A alimentação também é ligada a esses fatores e acaba sendo sempre a mesma por muito tempo, na infância era mais difícil pois coisas como textura, aparência e sabor eram importantes e comer sempre no mesmo prato também, passava por problemas intestinais, depois veio a obesidade e no inicio deste ano uma anemia crônica. Nós não percebemos que nossa alimentação é ruim, apenas não pensamos em comer outras coisas além do que já estamos habituados.

Os lugares que eu trabalhei sempre foram bem próximos e quase sempre com as mesmas pessoas, era um ciclo e eu me sentia confortável assim, quando perdi o meu emprego de dez anos na área da TI, eu enlouqueci e desejei morrer, joguei tudo para alto e queria ser qualquer coisa, menos a pessoa que eu era. Eu não tinha a menor consciência que toda a revolta era ocasionada por uma síndrome que me fazia sofrer com a quebra de rotina, principalmente um trabalho que eu amava e estava habituada.

A quebra de rotina causa estresse, ansiedade e depressão, é como se todos os passos que eu dei para a evolução retornassem a estaca zero. Horários devem ser cumpridos, se alguém marca alguma coisa comigo e não comparece, isso faz com que eu me sinta mal por dias.

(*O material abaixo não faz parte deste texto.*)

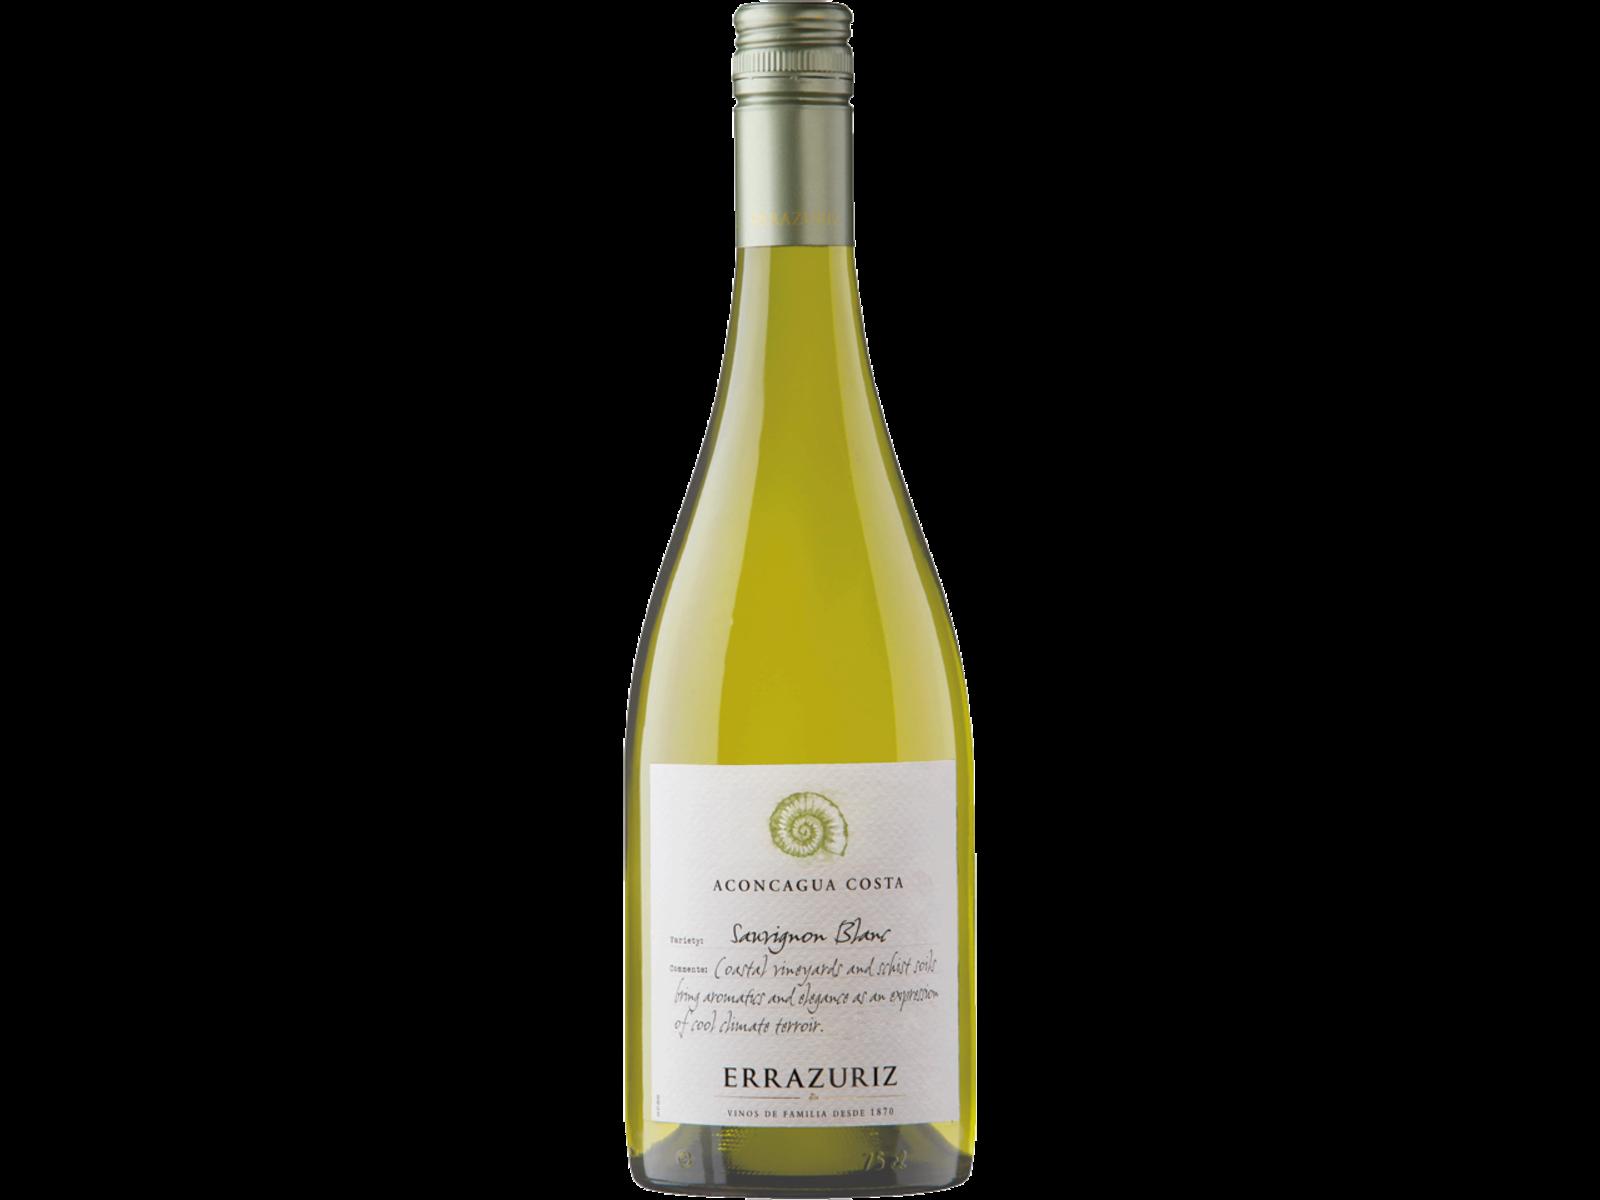 Viña Errázuriz Errazuriz / Aconcagua Costa / Sauvignon blanc

"Certa vez fui com minha mãe a Florianópolis, na época que eu ia fazer a cirurgia bariátrica, depois do medico fomos para a rodoviária. O ônibus já estava de saída, compramos a passagem rápido e fomos para a plataforma. O motorista pediu que eu escrevesse o numero da minha identidade na passagem, mas eu estava extremamente ansiosa, porque o ônibus precisava sair. Então eu disse a ele que não iria escrever, ele insistiu e ficou bravo. Eu disse que não ia escrever, ele pediu que eu falasse o número, mas eu não lembrava e falei qualquer coisa. Ele ficou mais bravo ainda e pediu que eu lhe mostrasse a identidade, eu dizia que só queria entrar no ônibus e ir para casa, que nós tínhamos comprado a passagem naquela hora na rodoviária. Então o homem começou a gritar comigo e eu comecei a gritar com ele também, demorei muito tempo para me acalmar e acabei ofendendo as pessoas dentro do ônibus. Minha mãe não gostou nada de ter passado por essa situação. Mas na época eu não entendia e não sabia me expressar. No meu entendimento se eu comprei a passagem na rodoviária naquele momento e a pessoa do guichê me disse: "o ônibus esta saindo e vocês precisam ser rápidas", era isso que eu precisava fazer e porque eu precisava provar que eu era a dona da passagem se acabei de comprá-la, e fora que eu estava com muita vontade de estar em casa."

Acredito que ao se reconhecer nesses aspectos, o autista tende a abrir uma porta para a própria evolução, respeitando suas necessidades, não se colocando mais em risco, percebendo que nem sempre ele está certo e principalmente diminuir as situações de desconforto.